British soldier and peer (1846–1937)

Colonel Henry Elliott Chevallier Kitchener, 2nd Earl Kitchener (5 October 1846 – 27 March 1937) was a British soldier and peer.

==Early life and career==
He was the eldest of five children born to Lieutenant-Colonel Henry Horatio Kitchener (1805–1894) and his first wife Anne Frances Chevallier (1826–1864). Among his siblings was the military commander Herbert Kitchener, 1st Earl Kitchener.

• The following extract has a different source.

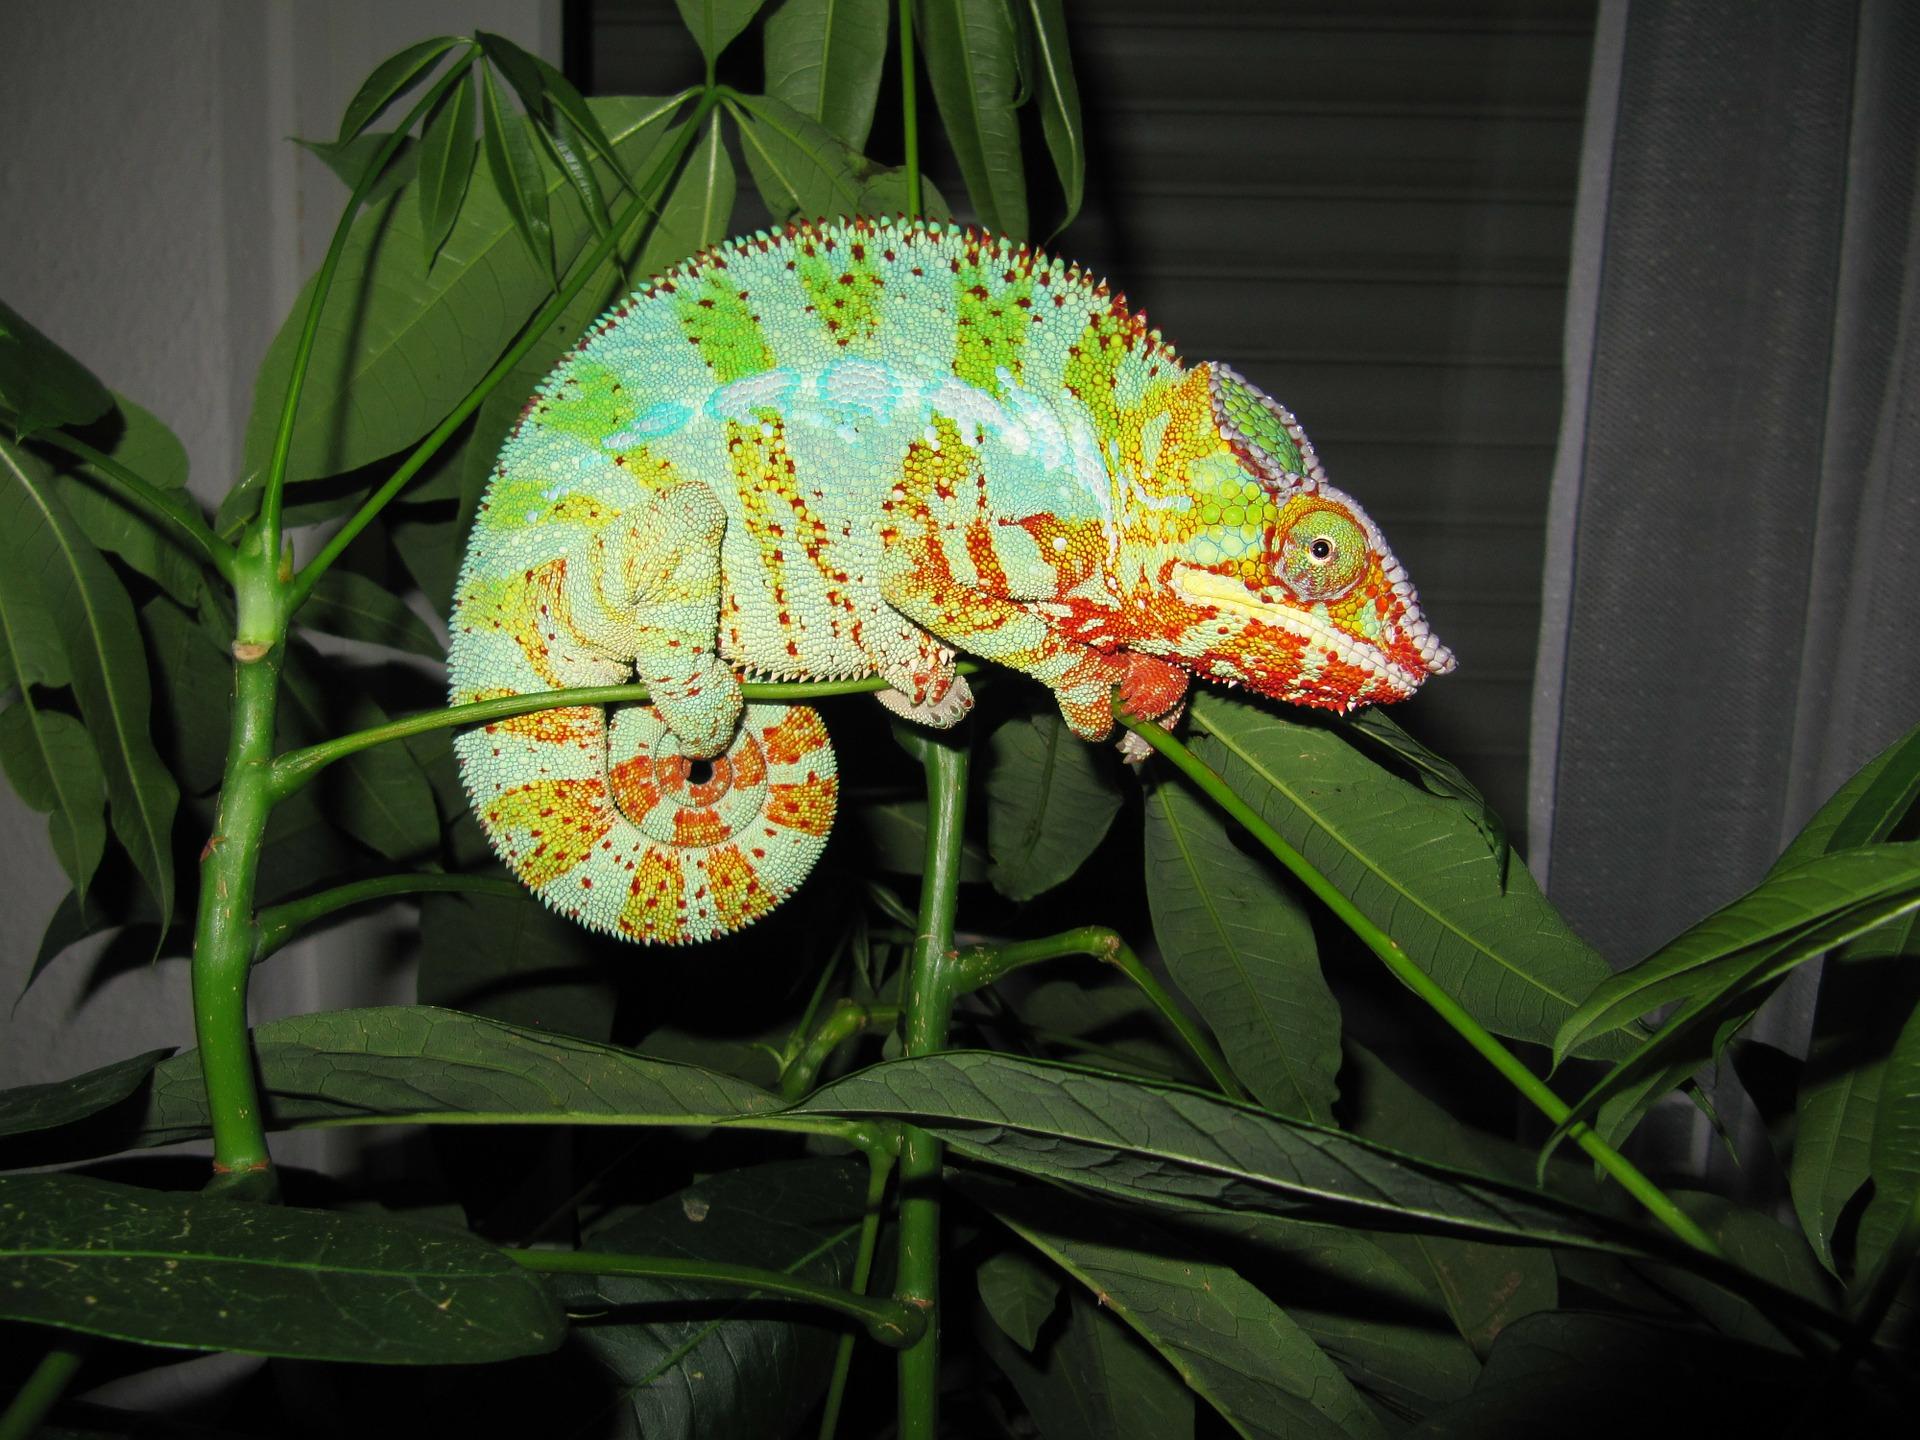 Dlaczego kameleon zmienia kolor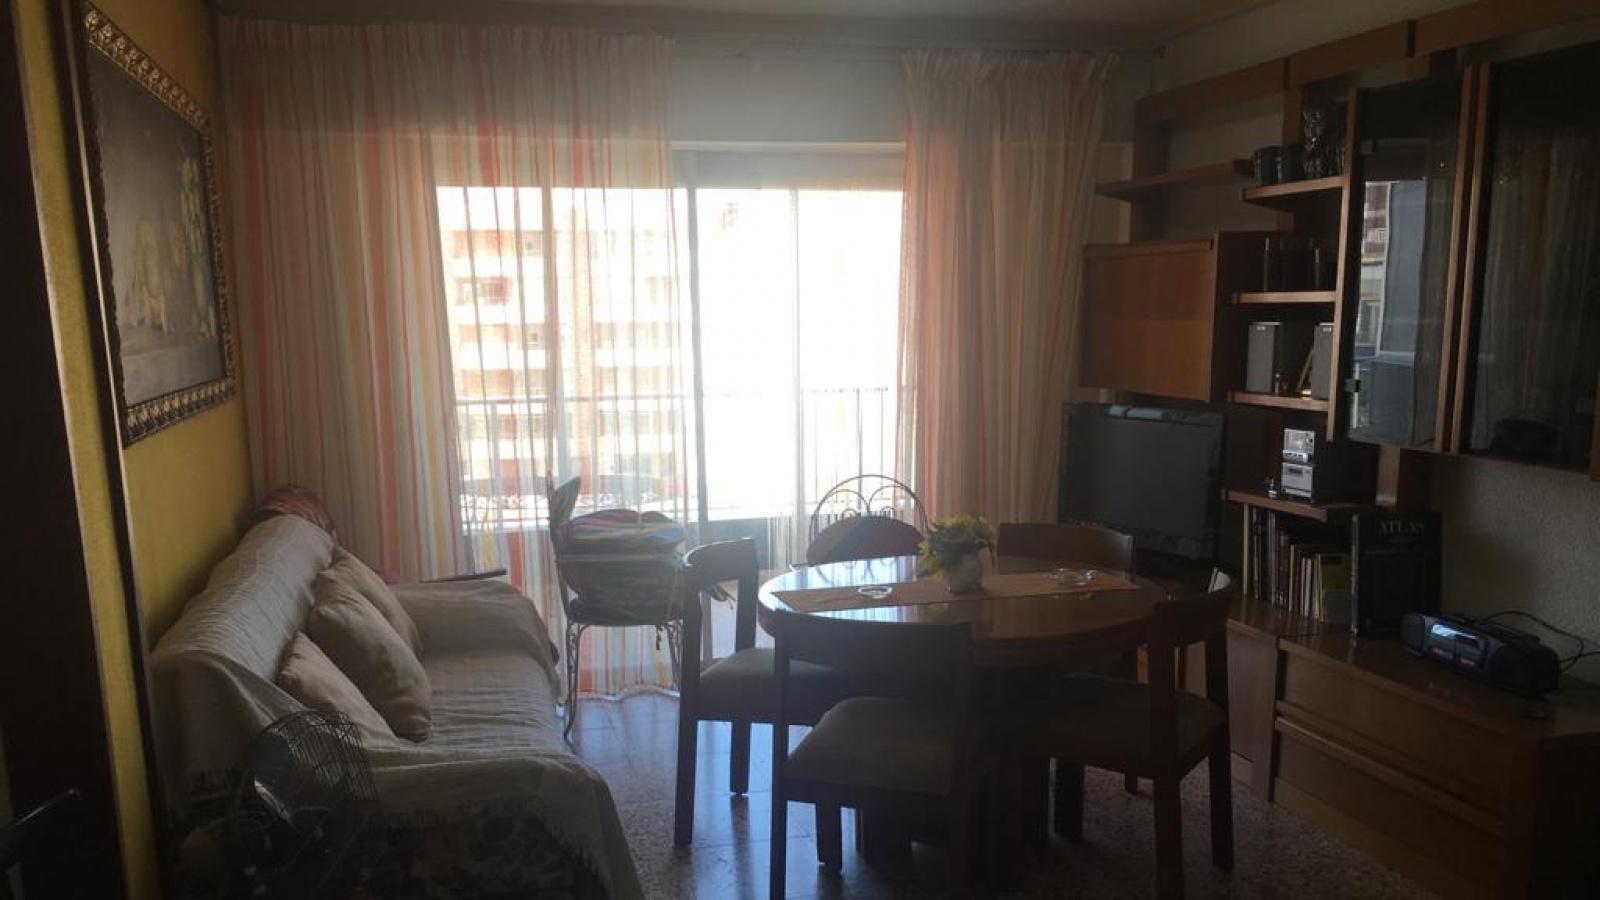 SANTA POLA, 03130, 3 Habitaciones Habitaciones, ,2 BathroomsBathrooms,Apartamento,En Alquiler,1016

He spent his early life in Tralee in Ireland, where he and his siblings received their education from governesses and tutors. Kitchener joined the British Army in 1866 and was commissioned into the 46th (South Devonshire) Regiment of Foot, before joining the newly created Duke of Cornwall's Light Infantry when it was founded in 1881. During the Franco-Prussian War of 1870–71, he served alongside his brother in France. He served as garrison instructor at the Curragh Camp in Ireland from July 1876 until July 1878 and was appointed the instructor in military topography at the Royal Military College in 1879, a post he held until August 1886.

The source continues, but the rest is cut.